Meaning of Bill of Attainder
1. Definition. A bill of attainder is a legislative act which inflicts punishment without trial. Its essence is the substitution of a
legislative for a judicial determination of guilt.[93]
2. Two Kinds of Bill of Attainder: (a) the bill of attainder proper which involves the legislative imposition of death penalty, and (b) bill
of pains and penalties which involves imposition of a lesser penalty.

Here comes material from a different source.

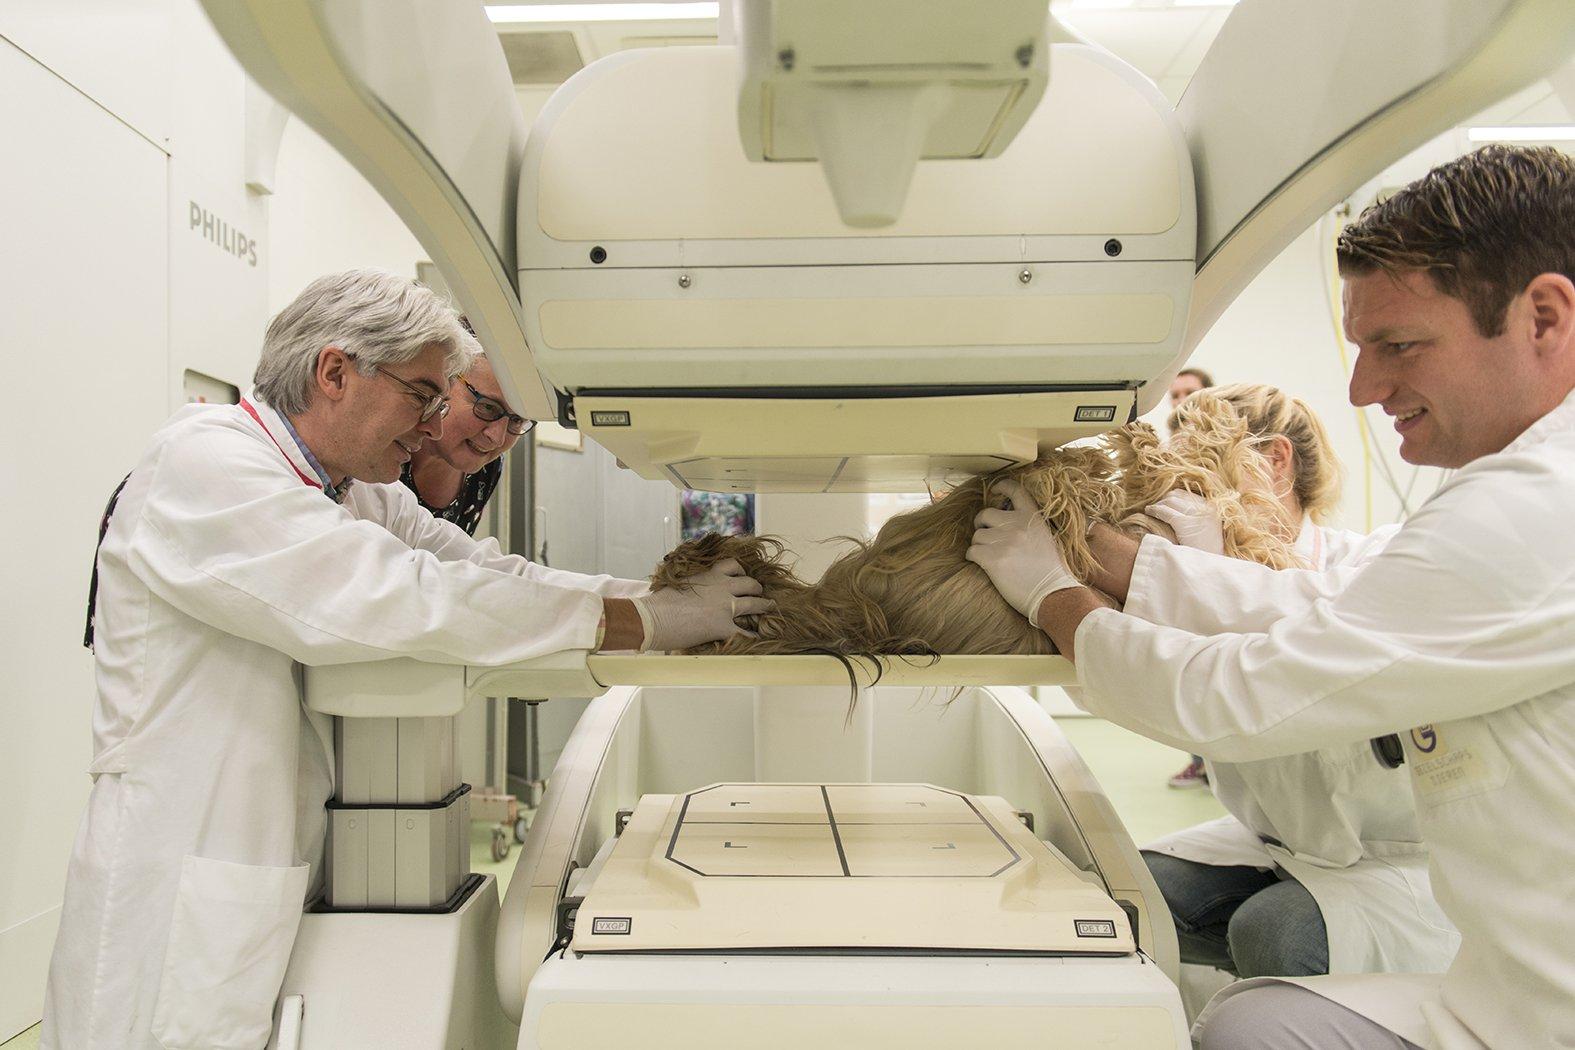 Hans Kooistra (links in beeld) behandelt een patiënt met schildklierproblemen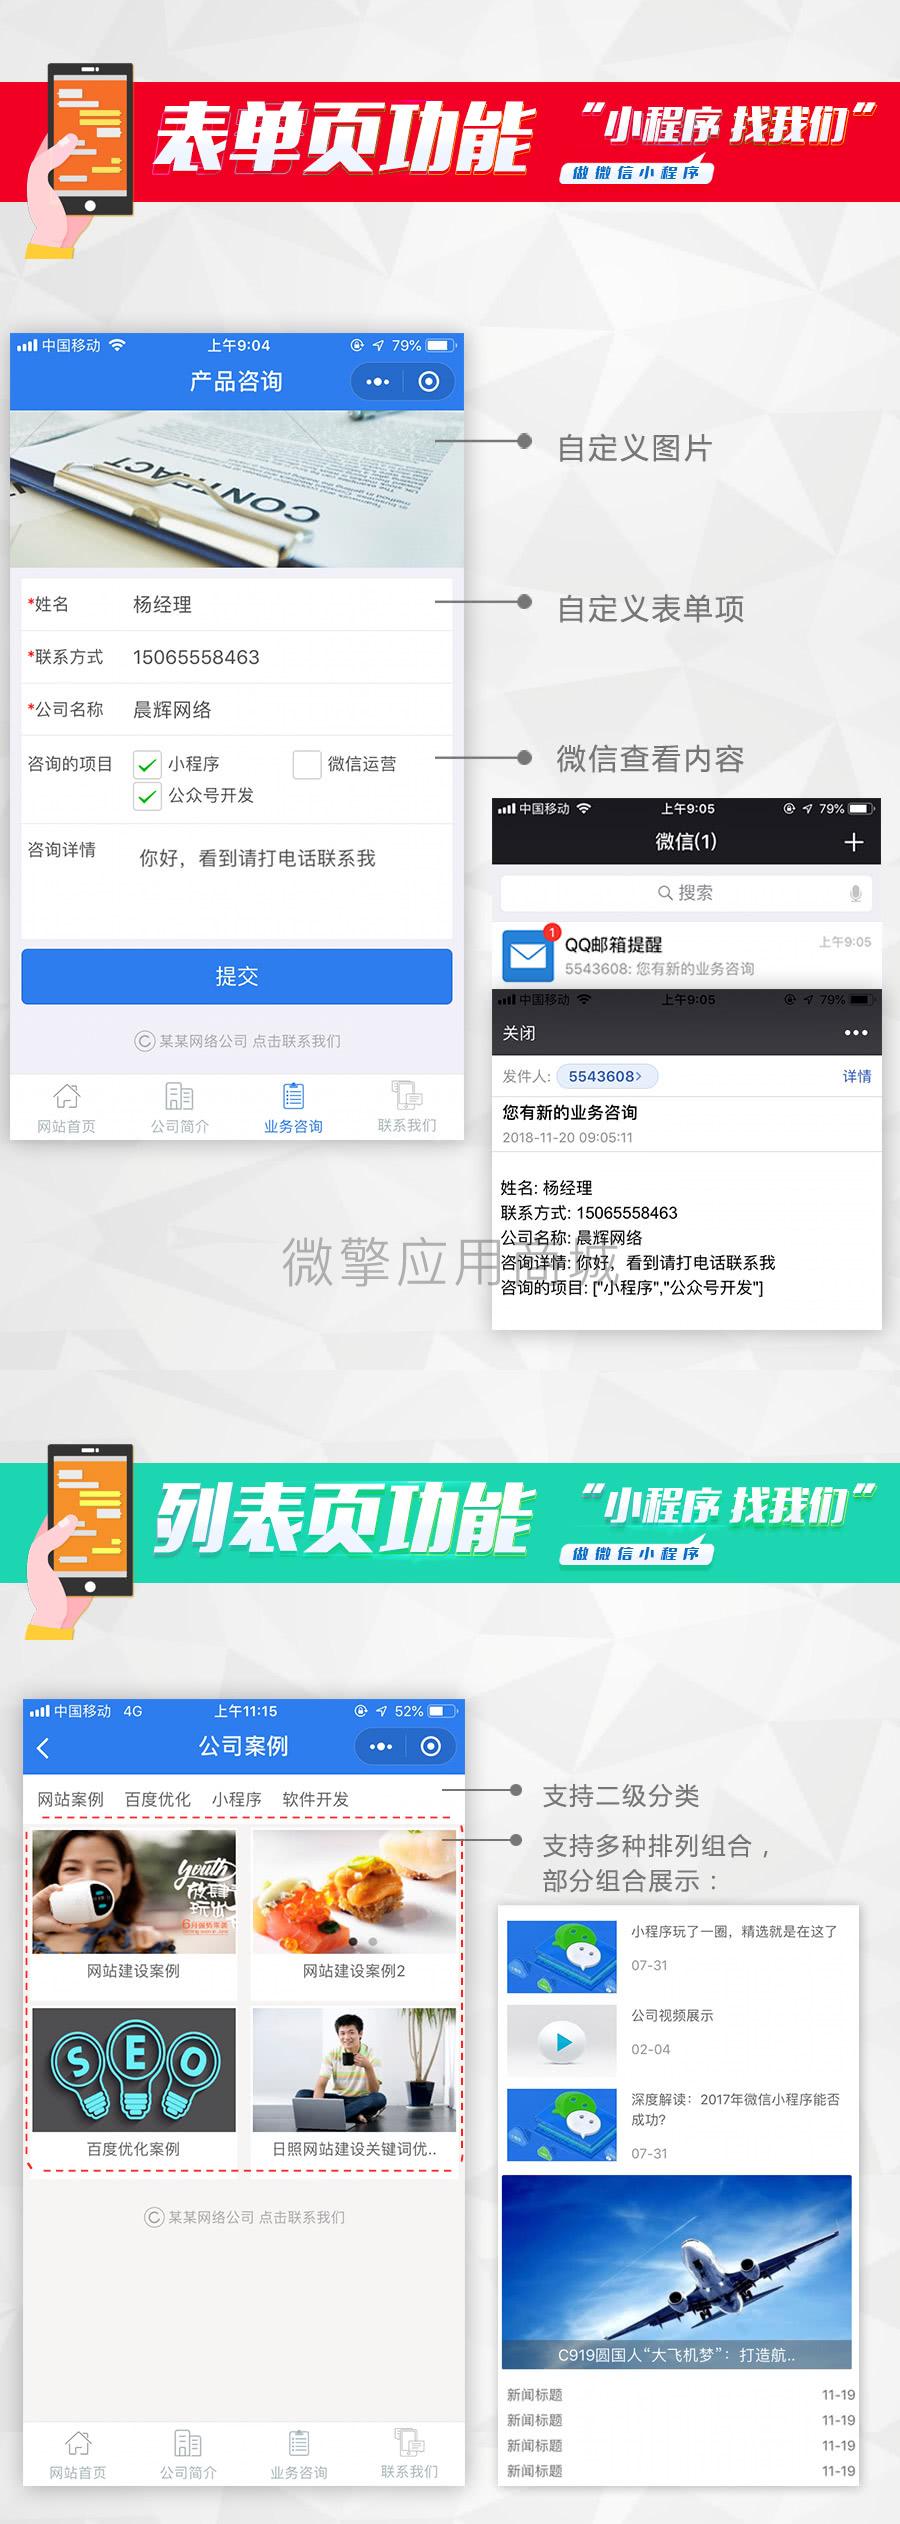 富泰科-精美企业公司官网小程序

3. Reason for Prohibition. The prohibition against bill of attainder is an implementation of the principle of separation of powers. The
legislature cannot bypass the judiciary by enacting a law that punishes an act without need of judicial proceedings. The legislative
department should be confined to its law-making function; it cannot encroach the authority of the courts by prescribing a law that
directly adjudges guilt without judicial determination.
4. Example. In one case, the Court held that the Anti-Subversion Law (R.A. 1700) is not a bill of attainder.[94] The law declared the
Communist Party of the Philippines (CPP) a clear and present danger to Philippine security, and thus prohibited membership in such
organization. It is not a bill of attainder because it does not define a crime, but only lays a basis for the legislative determination that
membership in CPP and any other organization having the same purposes is a crime. It does not automatically secure judgment by
mere membership. In operation, the law does not render unnecessary judicial proceedings. The guilt of the individual members of
subversive groups must still be judicially established.